Project Introduction and Planning

This section is happening at the end of Thursday

Now you have reached the final module of the course, where you will apply what you learn in this course on a new problem.

We have provided a dataset for you to perform the analysis as a group. We recommend that you work individually on your computer (so that you get your own practice), and share with the group when you hit an issue, or when you find something interesting.

In the end, the group will work together to produce one group presentation. Each group will then have 8-10 minutes to present their analysis and their answers to the project questions.

It could be helpful to have a group workspace on a shared document (such as Google Doc, Google Jamboard) where your group can share resources and ideas during the course, or even draw a workflow. Google Slide can be useful for co-creating group slides for the presentation.

Even though it’s the same dataset, it is always interesting to see how people may come up with different ways of looking at the data, variations of genes of interest, and go down different path for downstream analysis.
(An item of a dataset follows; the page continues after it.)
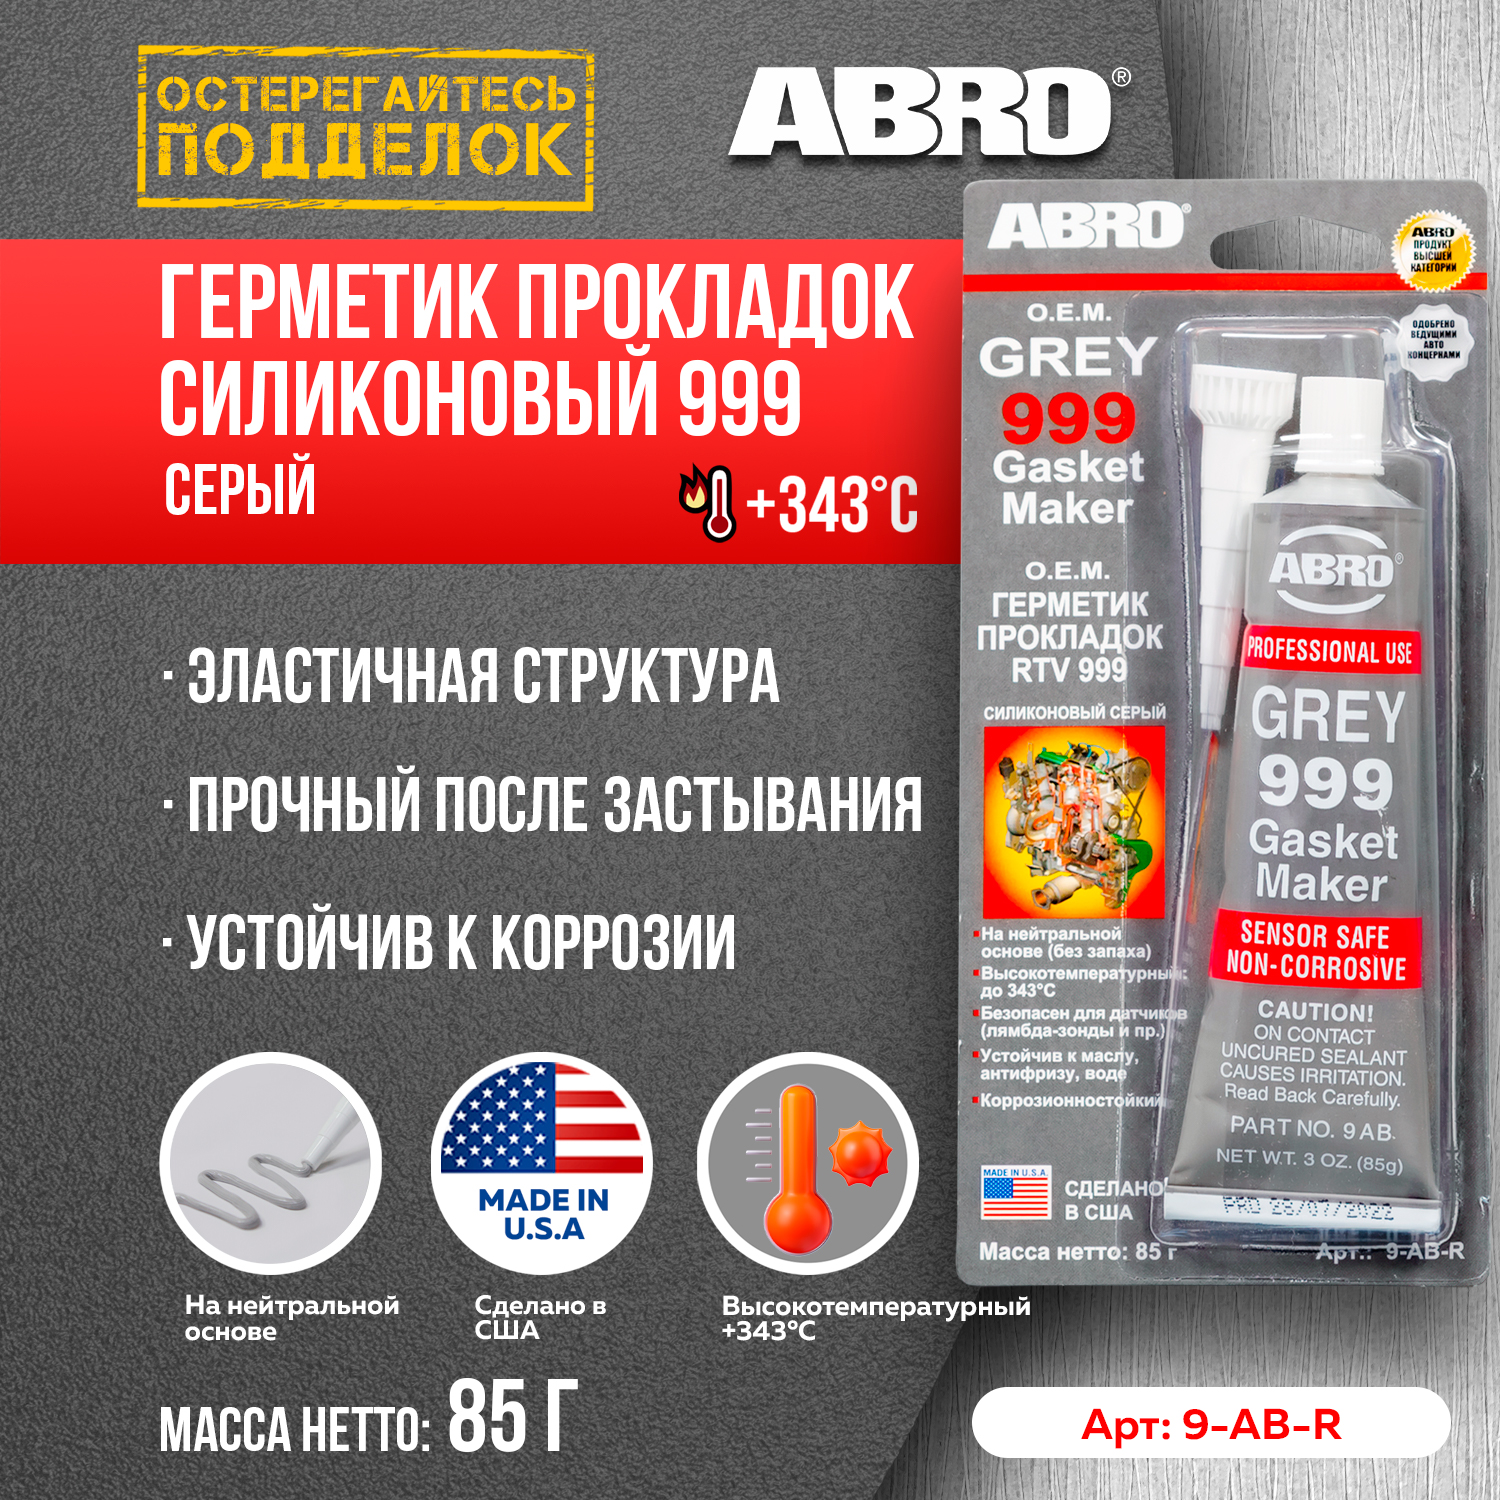 ABRO Герметик прокладок 999 серый USA 85 гр 9-AB-R - купить в Москве, цены на Мегамаркет

The dataset for group project is…

Brugia malayi male and female of different stages

Here we have RNA-seq of B. malayi from larval stages to various ages of male and female from Grote et al. (2017). In their paper, Grote et al. investigated the relationship between B.malayi and their symbiont bacteria Wolbachia, but they did not explain much about the gene expression changes of the worms in the different life cycle stages of the parasite. There are various pair-wise comparisons we could do here. Also, if you are intested in dual-RNA-seq, we also provide the FASTQ files that will have sequencing reads from the Wolbachia. You could use these FASTQ files to do the mapping to a relevant Wolbachia genome.

Key questions

  • What happened to male and female worms as they develop into adults?
  • At which point do gene expression in male and female worms become very different?
  • Challenge question: If you want to do dual-RNA-seq analysis, starting from the raw FASTQ file from a sequencing platform, what are the steps in the workflow that need to be done differently (e.g. different tools, different genome resources, etc)?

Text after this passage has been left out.